Он и Меила время от времени почитывали христианскую Библию, которую привезла с собой Роза. Горничная попросила разрешения поставить священную книгу в шкаф хозяйки, “ради сохранности”, – но Меила, конечно, разгадала этот нехитрый маневр.
– Ты знаешь, – задумчиво сказала египтянка, – тогда, в той жизни, я понимала, что у тебя и меня ничего не может быть. Но у нас оставалось то, чего не может быть сейчас, – постоянство… Мы знали, что Та-Кемет стоит со времен богов и пребудет вечно.
Имхотеп кивнул. Теперь жрец понимал, что такое мифы, – они, в конце концов, становятся правдой прошлого, претворяющей реальность.
– А теперь? – спросил он.
– Теперь… все так скомканно, хаотично… В этой жизни я узнала о тебе давно. И за те семь лет, что я искала тебя, у нас было перекроено все, от повседневной одежды до карты мира!

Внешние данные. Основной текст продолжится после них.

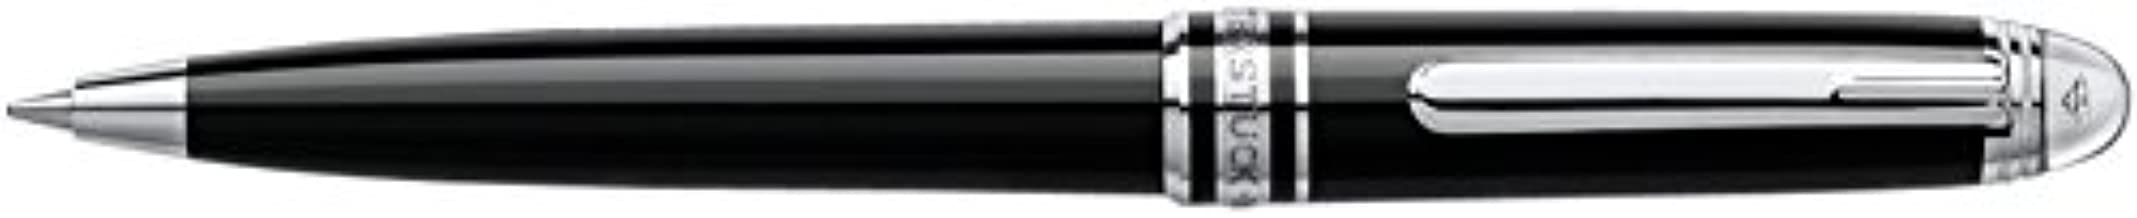 Montblanc Meisterstuck Diamond Hommage wa Mozart Ballpoint Pen 107546
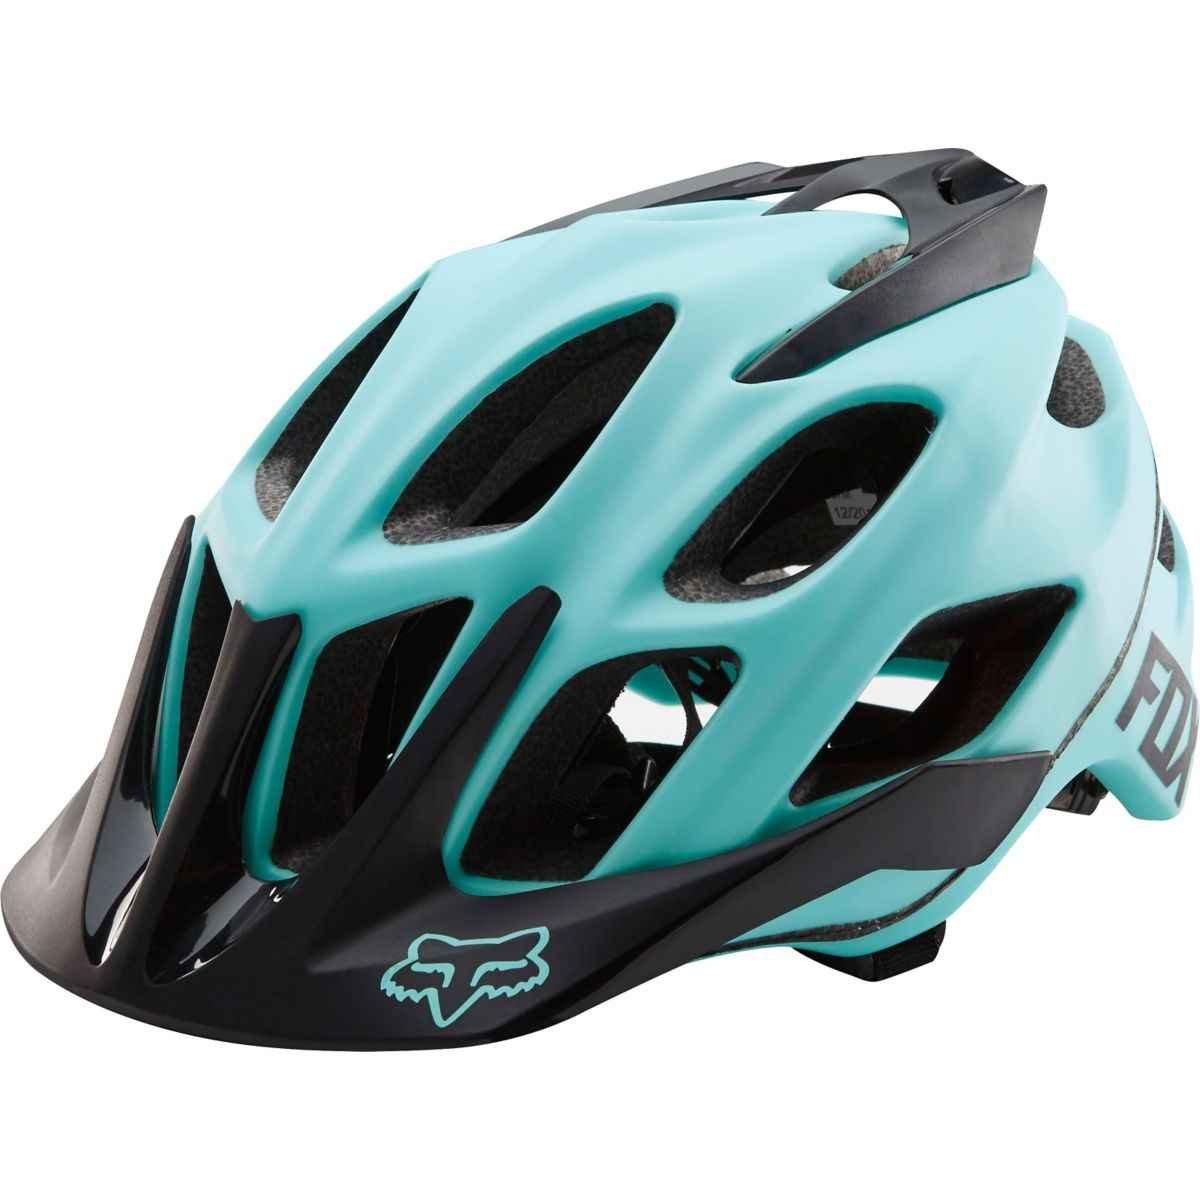 17764 Replacement Visor Fox Flux MTB Helmet

Египтянка бросила на супруга взгляд, полный боли и сожаления.
– Хотя эти перемены, наверное, проходят мимо тебя…
Сидящий Имхотеп склонил голову на руку.
– Мне представляется, что эти перемены проходят и мимо вас, и вы теряете больше, чем приобретаете, – сказал жрец. – Ваши сердца не насыщаются – а извечный страх растет.
Меила усмехнулась уголком рта.
– Да, да… Чем больше изощряются наши умы и наши вкусы, чем больше мы знаем, тем страшнее для нас заглянуть в вечность.
Имхотеп улыбнулся.
– Люди разучились умирать, – медленно проговорил он.
Меила прикрыла глаза. Ее до сих пор восхищала и страшила эта способность мужа – закруглять беседу несколькими словами, рядом с которыми все другие прозвучали бы бледно.
– А чему ты будешь учить нашу дочь? – спросила египтянка.
Фэй на время этого короткого путешествия осталась дома, с нянькой. Меила, заговорив о дочери, сама ощутила тоску по своей меднотелой маленькой волшебнице, которой уже отрезали челочку.
– Ну, так что ты будешь говорить Фэй о нас? – поторопила Меила. Вдруг ей стало очень важно услышать ответ.
Имхотеп вздохнул широкой грудью и ничего не ответил. Но жена поняла. К тому времени, как Фэй начнет заглядывать родителям в глаза и задавать первые вопросы, мир уже вновь будет другим.
***
Белла Линдсей быстро переняла египетский обычай – спать днем, в самую жару: она растрачивала время, которого у нее в Каире оказалось в избытке. Белла как раз встала и причесывалась, когда Аббас Масуд постучал в дверь.
Девушка поняла, что это он, по короткому твердому стуку. Бросив расческу на подзеркальник, она побежала открывать.
Когда дверь распахнулась, Аббас тут же потупился.
– Собирайтесь, мисс Линдсей, – он взглянул на красивую чужую блондинку и опять опустил глаза. – Здесь темнеет быстро, и у нас мало времени.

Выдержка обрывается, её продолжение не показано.